Firstly, part of the confusion here is my regrettable use of fundamental in the original article here:
Thus the fundamental (nano) wire energy is: ~1 Eb/bit/nm
But just after that I mentioned typical exceptions:
For long distance interconnect or communication reversible (ie optical) signaling is obviously vastly superior in asymptotic energy efficiency,
So I only meant ‘fundamental’ in the more narrow pareto tradeoff sense that if your interconnect is fully dissipative/reversible then the energy will be on around at least Eb/d where d is the distance scale of physical interconnect bits. For a macro scale domino computer, the distance scale is the size/spacing between dominoes. For electronic devices at maximum packing density where you naturally represent bits with single electrons, and the de broglie wavelength is then quite relevant as a constraint on maximum packing density due to quantum tunneling etc.
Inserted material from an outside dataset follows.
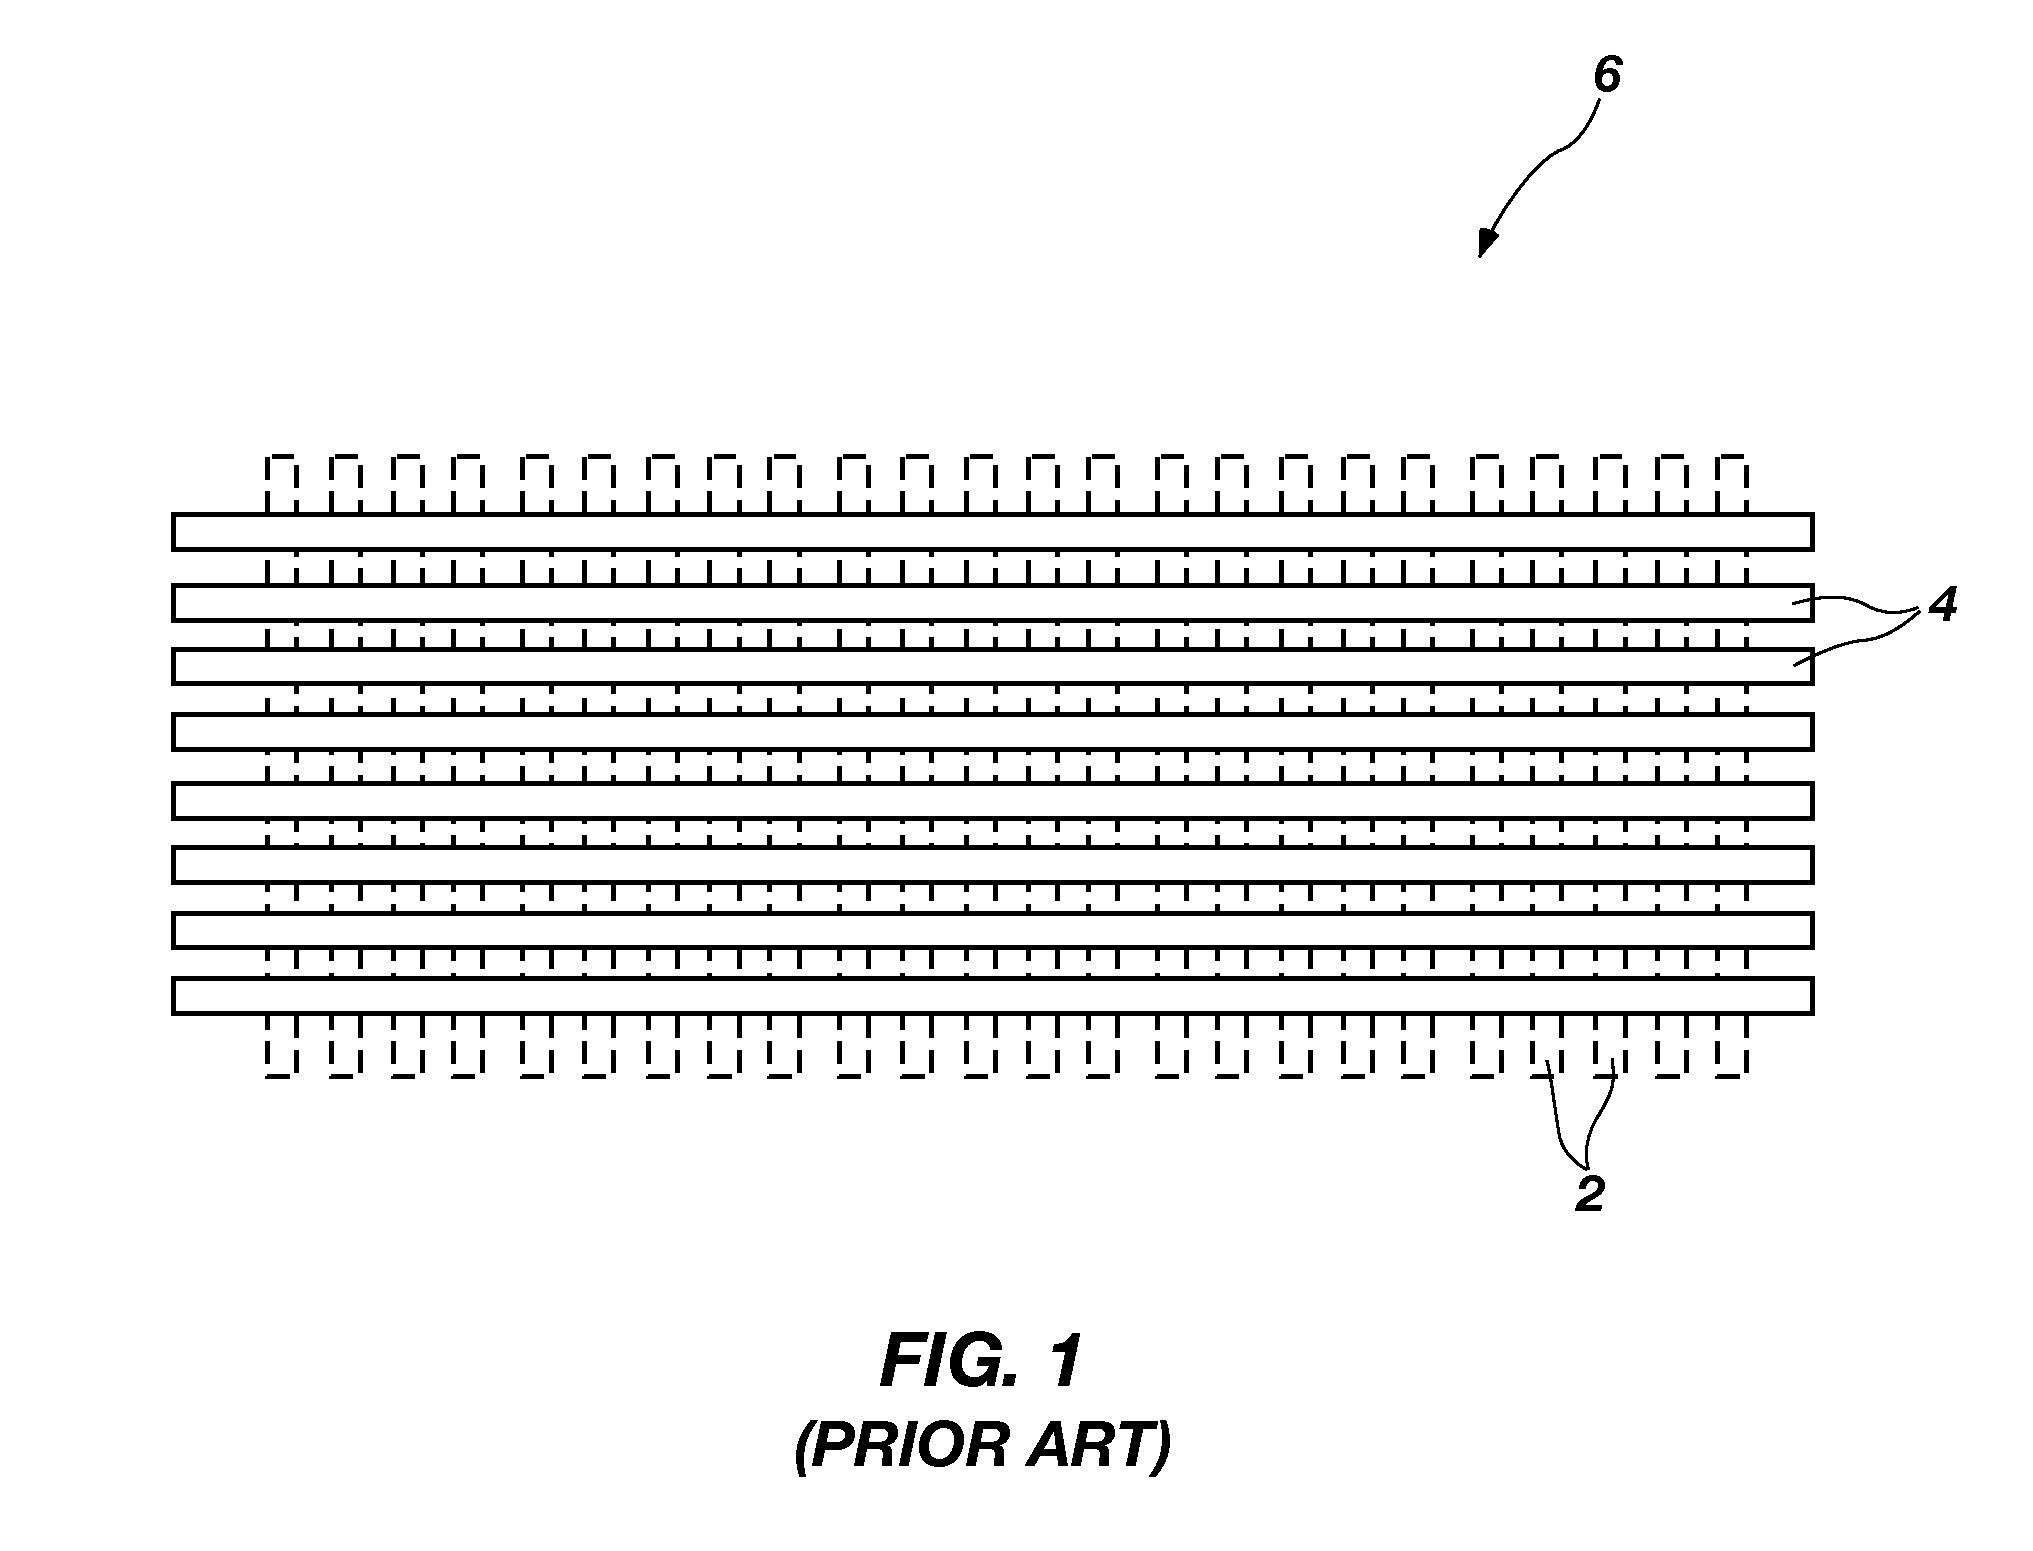 Surface capacitance with area gestures

It’s also obviously energy inefficient to use nanoscale single electron bits for wires/interconnect—but that represents a core space vs energy tradeoff (amongst other optimization dimensions on the pareto surface). You can somewhat easily get much better wire energy efficiency by using much larger bit representations—like EM waves—but those are also much larger at 1eV energies.
One can also perhaps beat that bound by using anisotropic interconnect tiles where electrons move more ballistically as in some hypothetical carbon nanotube interconnect that could have a mean free path 3 OOM beyond copper[1] and proportionally lower bit energy per nm around perhaps 1e-22 J/bit/nm.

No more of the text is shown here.